Your task is to transcribe the data exactly while omitting each picture.

DATA SHOWN

'''

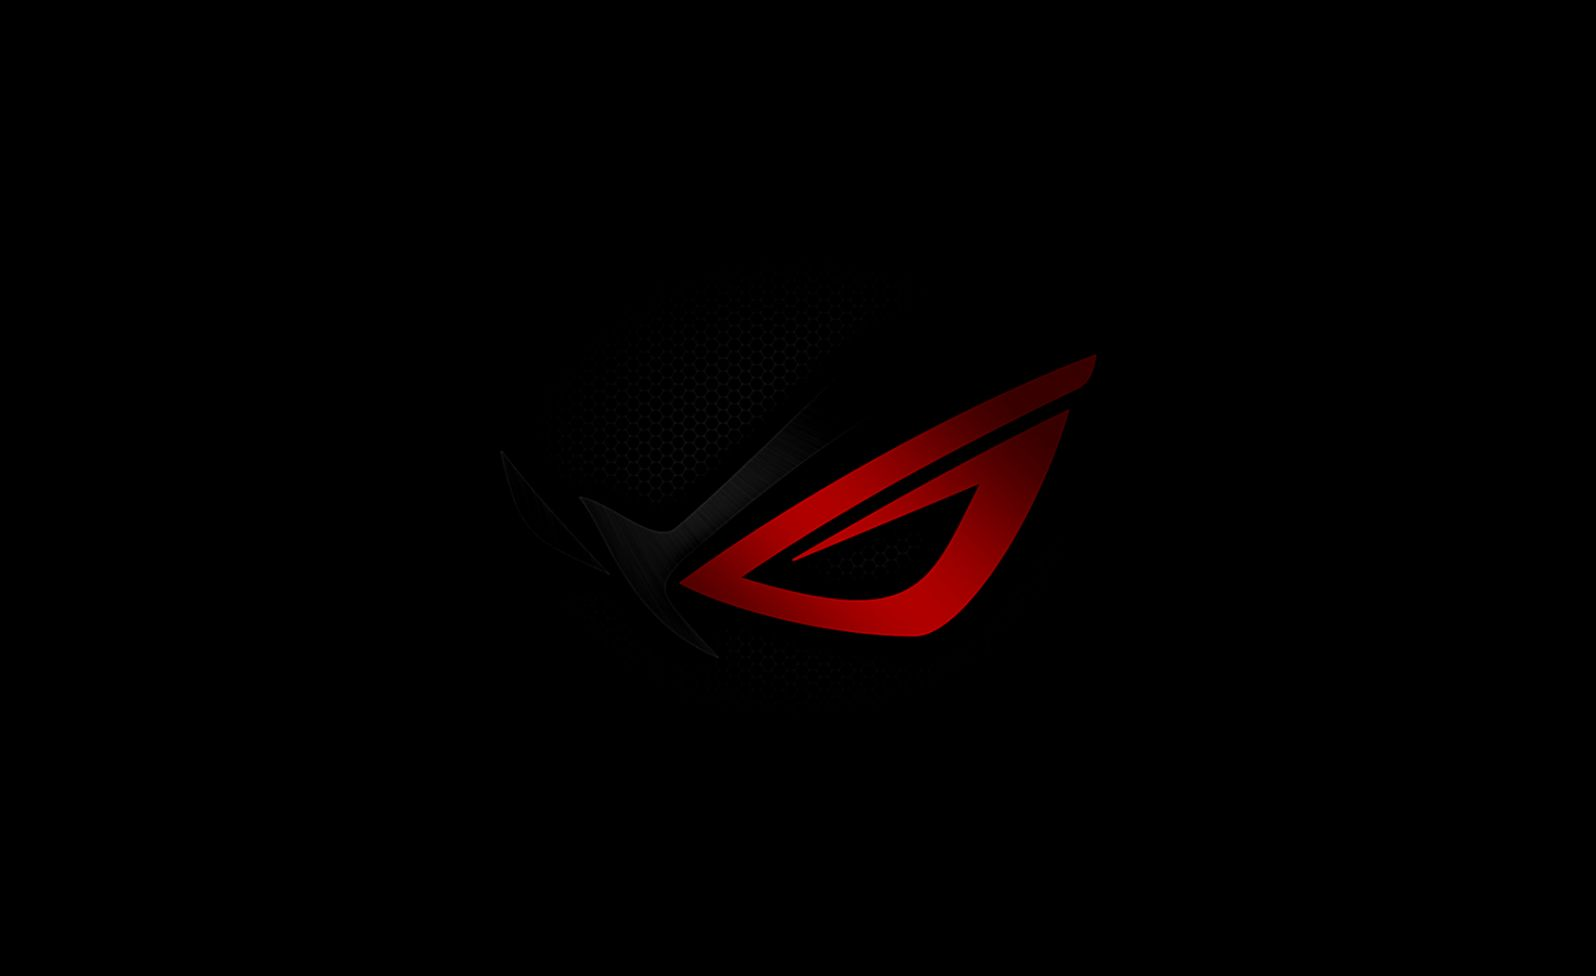 New asus rog logo hd wallpaper high definitions wallpapers - Gaming logo wallpaper ...
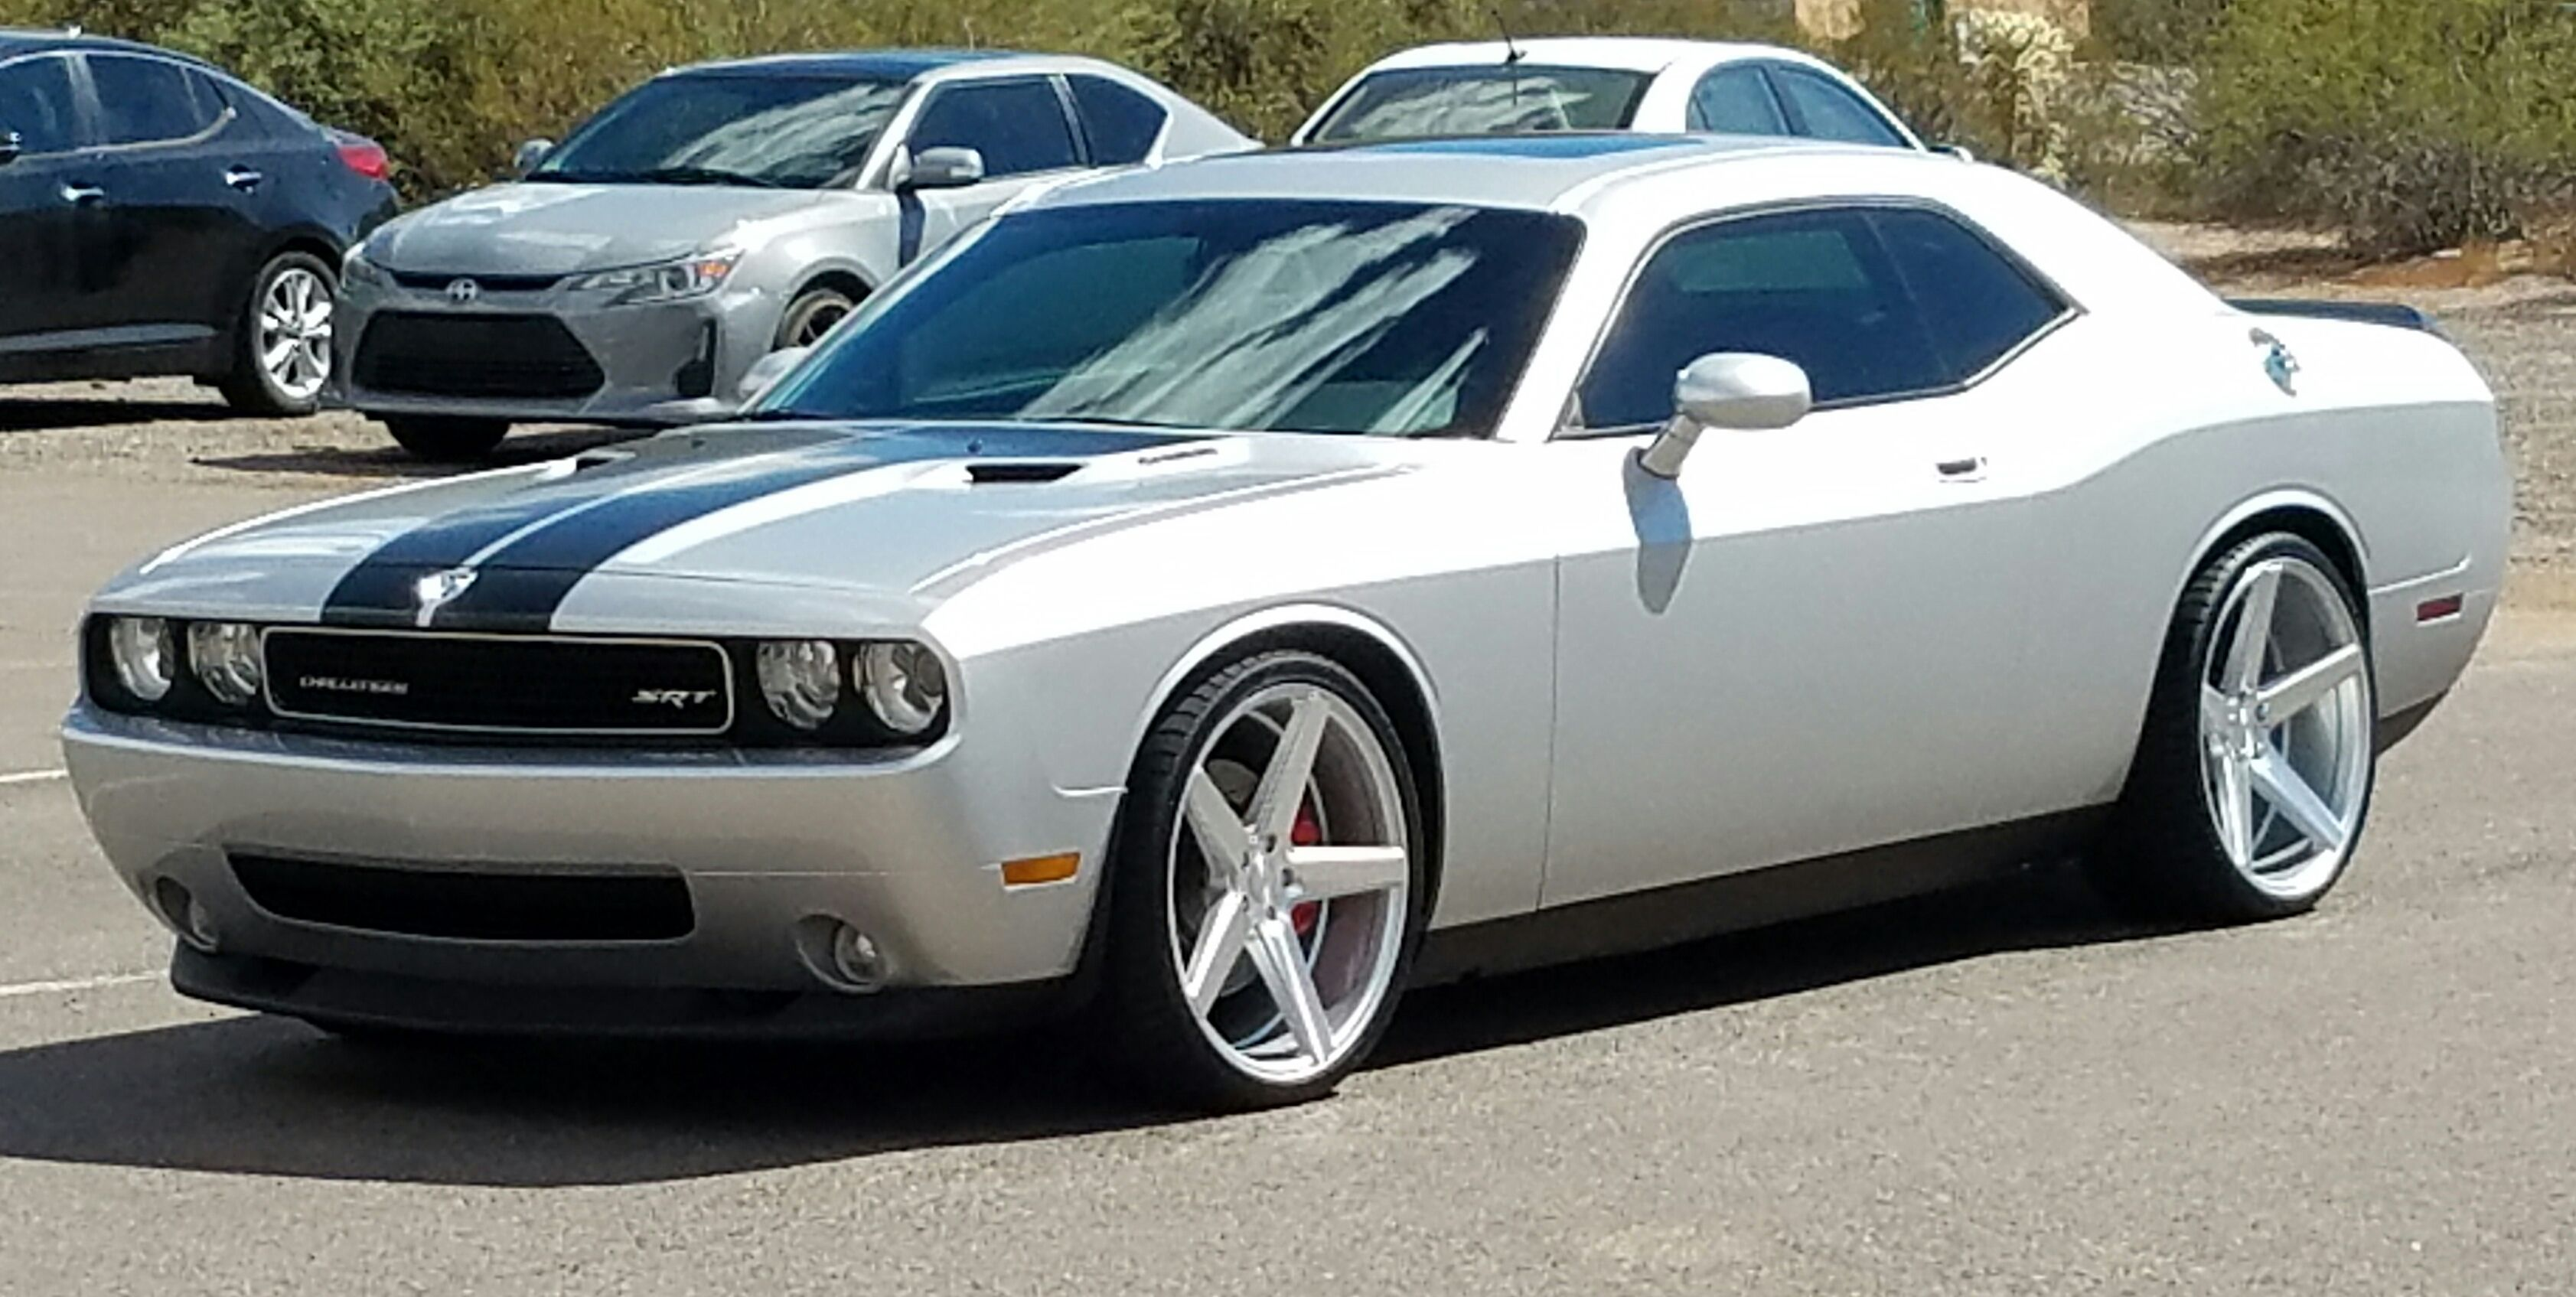 Silver 2009 Dodge Challenger Srt8 Kmc District Wheels 22 Inch
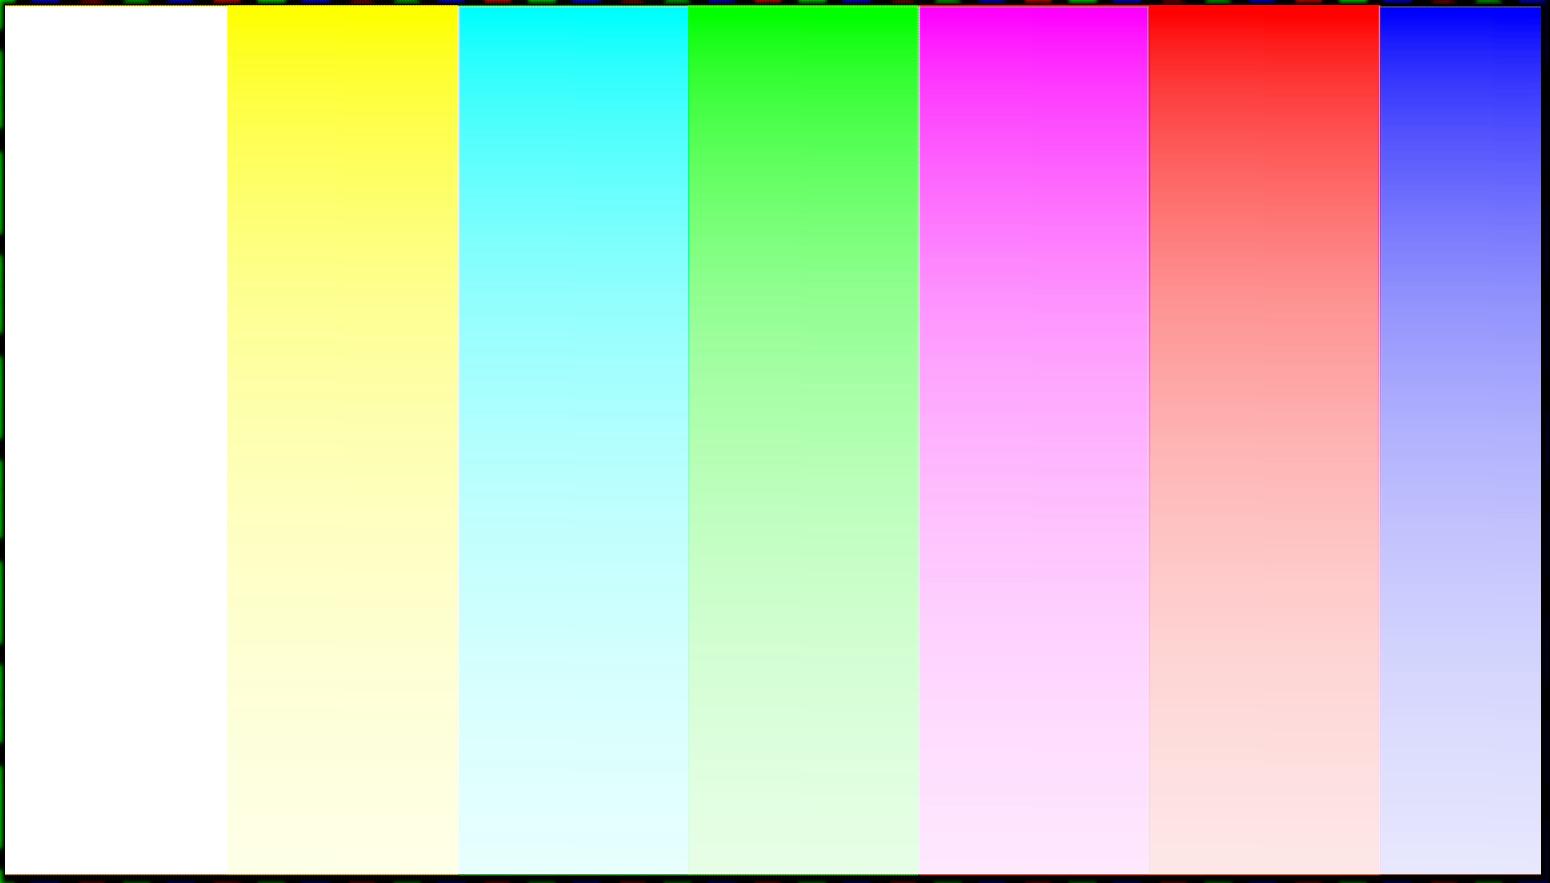 Linux/TMS320DM365: Bayer-YUV 12 bit parallel: Not using MSB's

'''

ANSWER BOX
 New asus rog logo hd wallpaper high definitions wallpapers - Gaming logo wallpaper ...
 Silver 2009 Dodge Challenger Srt8 Kmc District Wheels 22 Inch
 Linux/TMS320DM365: Bayer-YUV 12 bit parallel: Not using MSB's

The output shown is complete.